I know that some people think that this lawsuit is justified because it’s “individuals against a big company” — including a big company like Warner Bros. which has a history of being an obnoxious copyright and trademark maximalist. But just because one company is an abusive maxmialist, doesn’t mean others need to stoop to the same level against it.
In the link above about this lawsuit, lawyer Milord Keshishian also points out some other problems, in that the meme makers certainly took their sweet time in registering their copyrights:
Plaintiffs, however, mistakenly demand statutory damages and an enhancement of damages under 17 U.S.C. § 504, and mistakenly believe that they are entitled to attorneys’ fees and costs of suit under 17 U.S.C. § 505. Defendants are accused of infringing both copyrights in their initial 2009 release of the video games and neither copyright was registered until 2010. Thus, neither Plaintiff is entitled to statutory damages or attorney’s fees, a prerequisite of which – per 17 U.S.C. § 412 – is either registration before commencement of any infringement or within three months after the first publication of the copyrighted work.

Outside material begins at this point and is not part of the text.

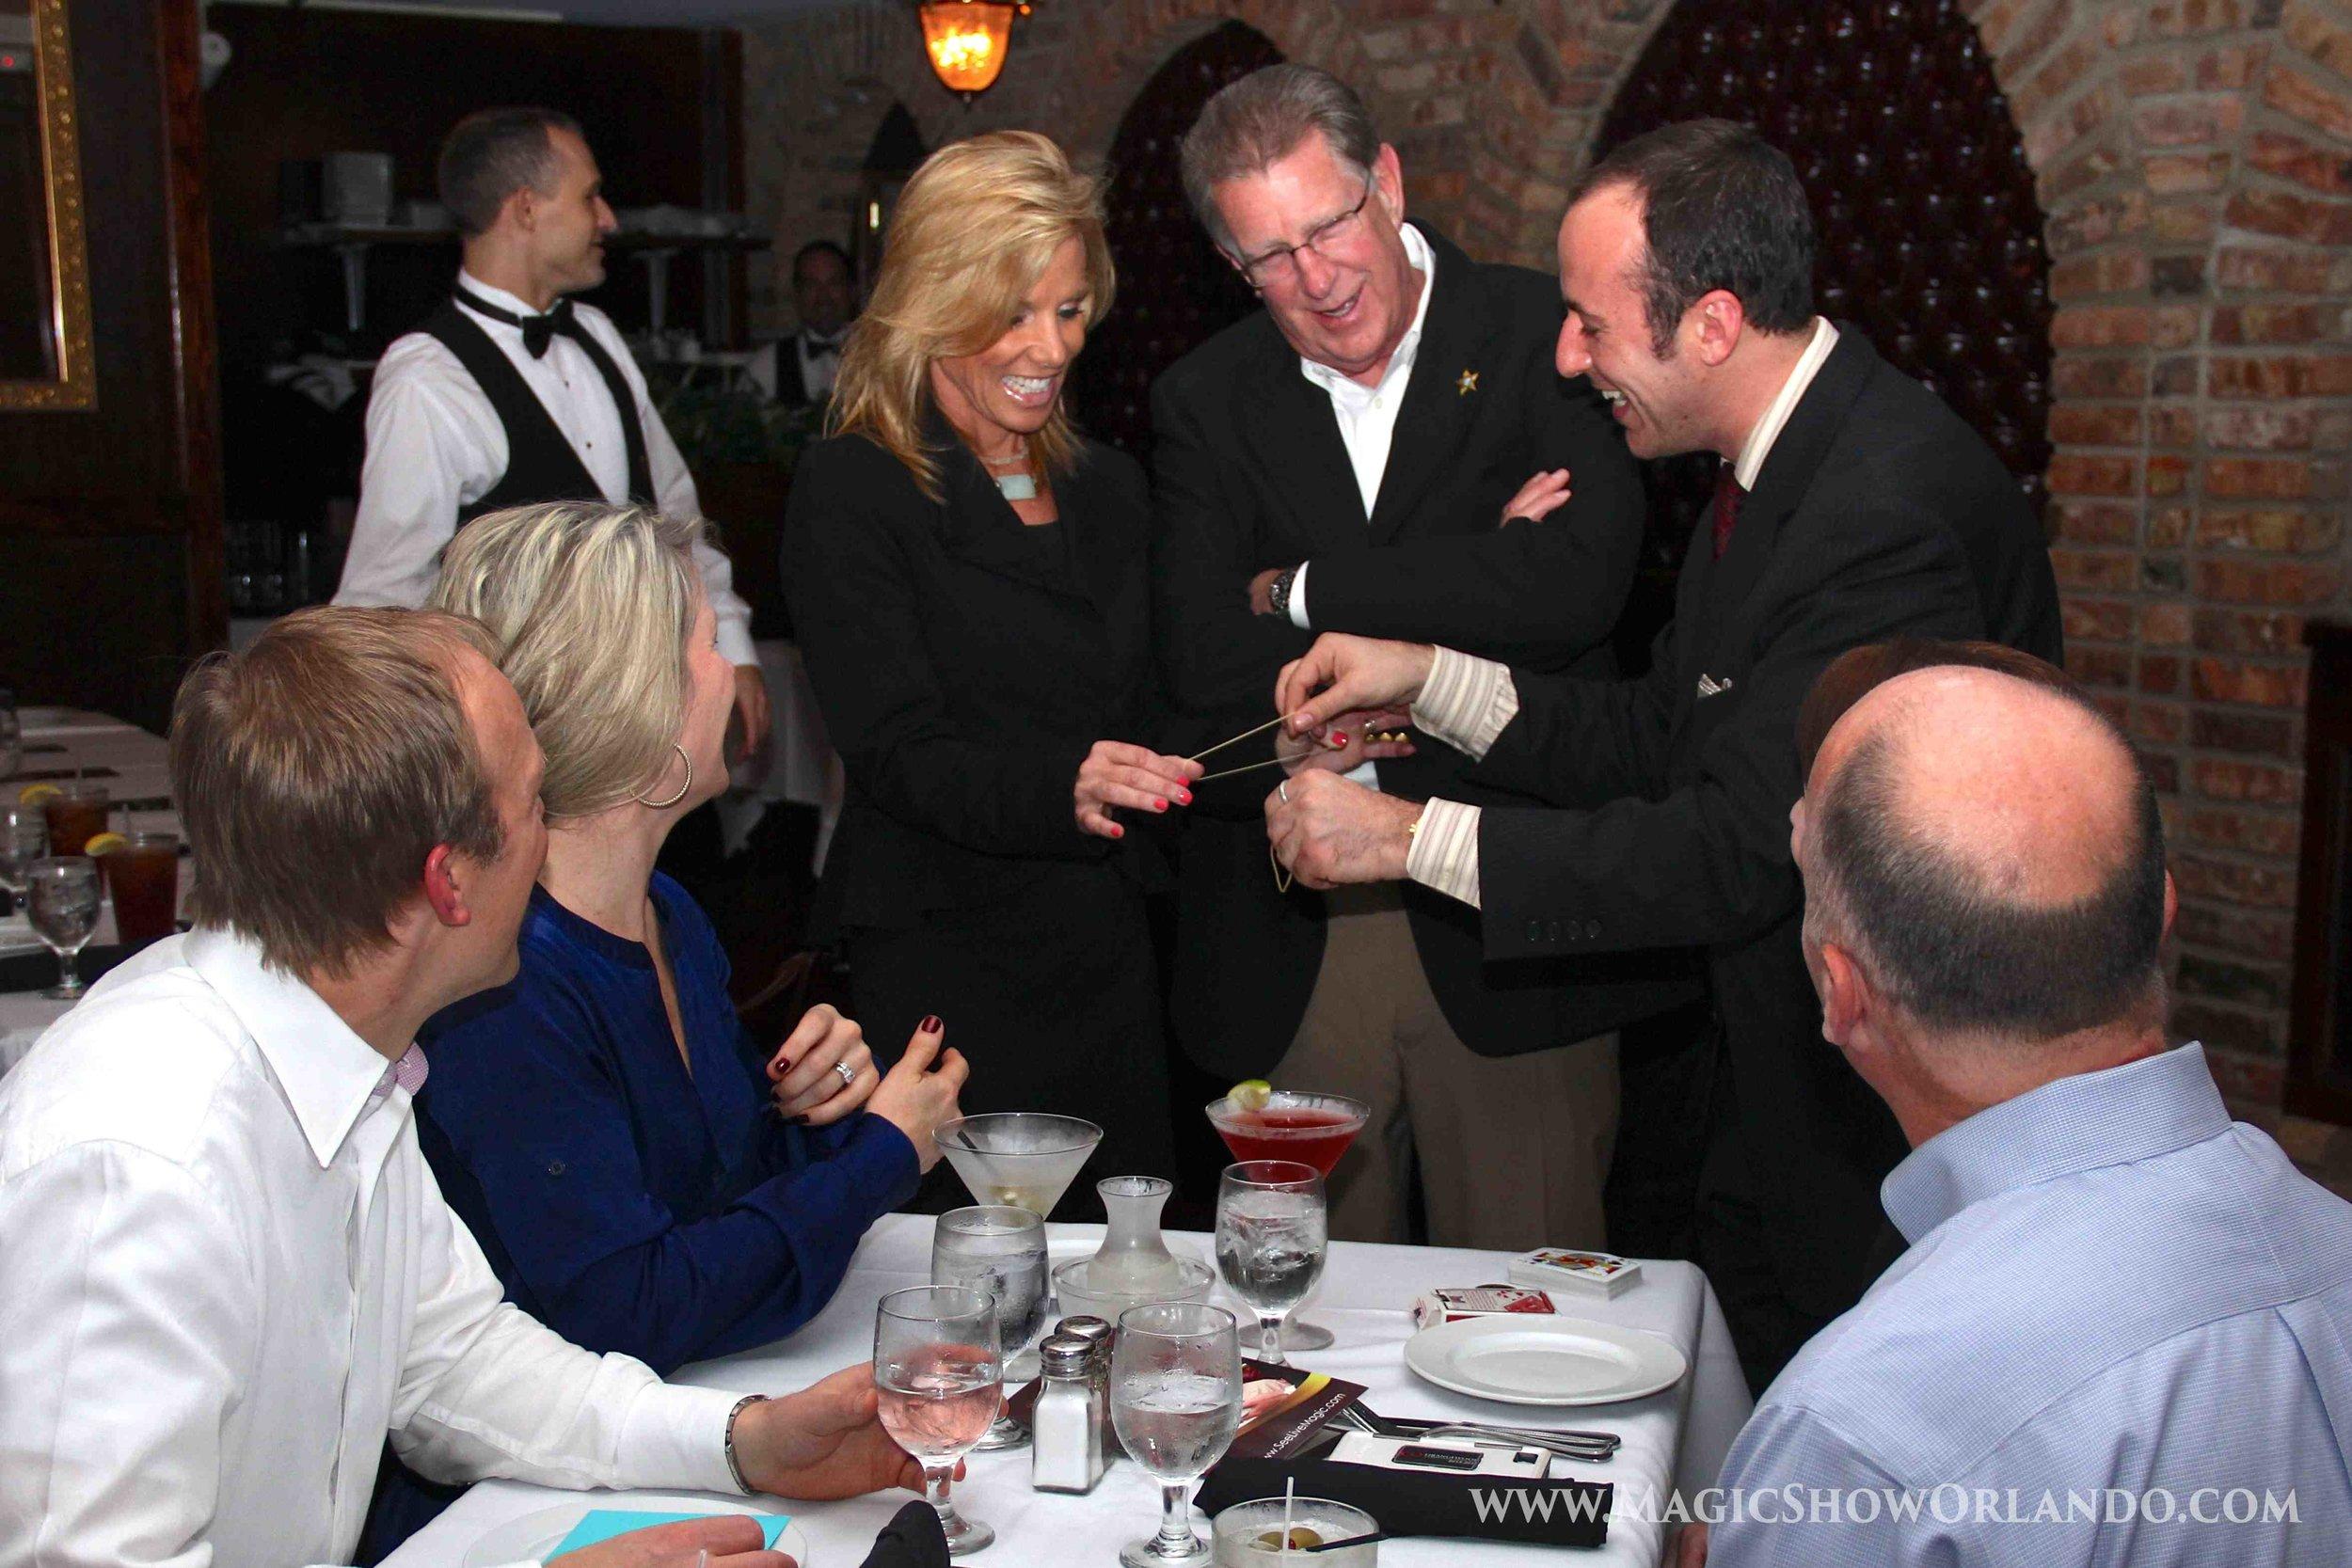 Orlando magician Kostya Kimlat provides entertainments at rehearsal dinners

Further, both the Keyboard Cat video and the Nyan Cat video were published over five years before the application to register the copyrights were filed, thus they are not entitled to a presumption of validity afforded by 17 U.S.C. § 410(c).
The creator of Nyan Cat has tried to defend the lawsuit, but his argument is basically that he just doesn’t want it used by a for profit company without him profiting too. Of course, I do wonder if the creator of Nyan Cat properly licensed the use of the pop tart that makes up Nyan Cat’s body…
This whole lawsuit seems particularly silly. The two creators of these memes have benefited massively not from their own efforts, but from the fact that millions of people passed around their silly works to make them famous. Having those same memes appear in a video game just further increases the awareness and lore behind these two memes. It provides plenty of additional opportunities for the two of them to profit themselves if they wish. But suddenly filing a lawsuit and demanding money from others is just lame.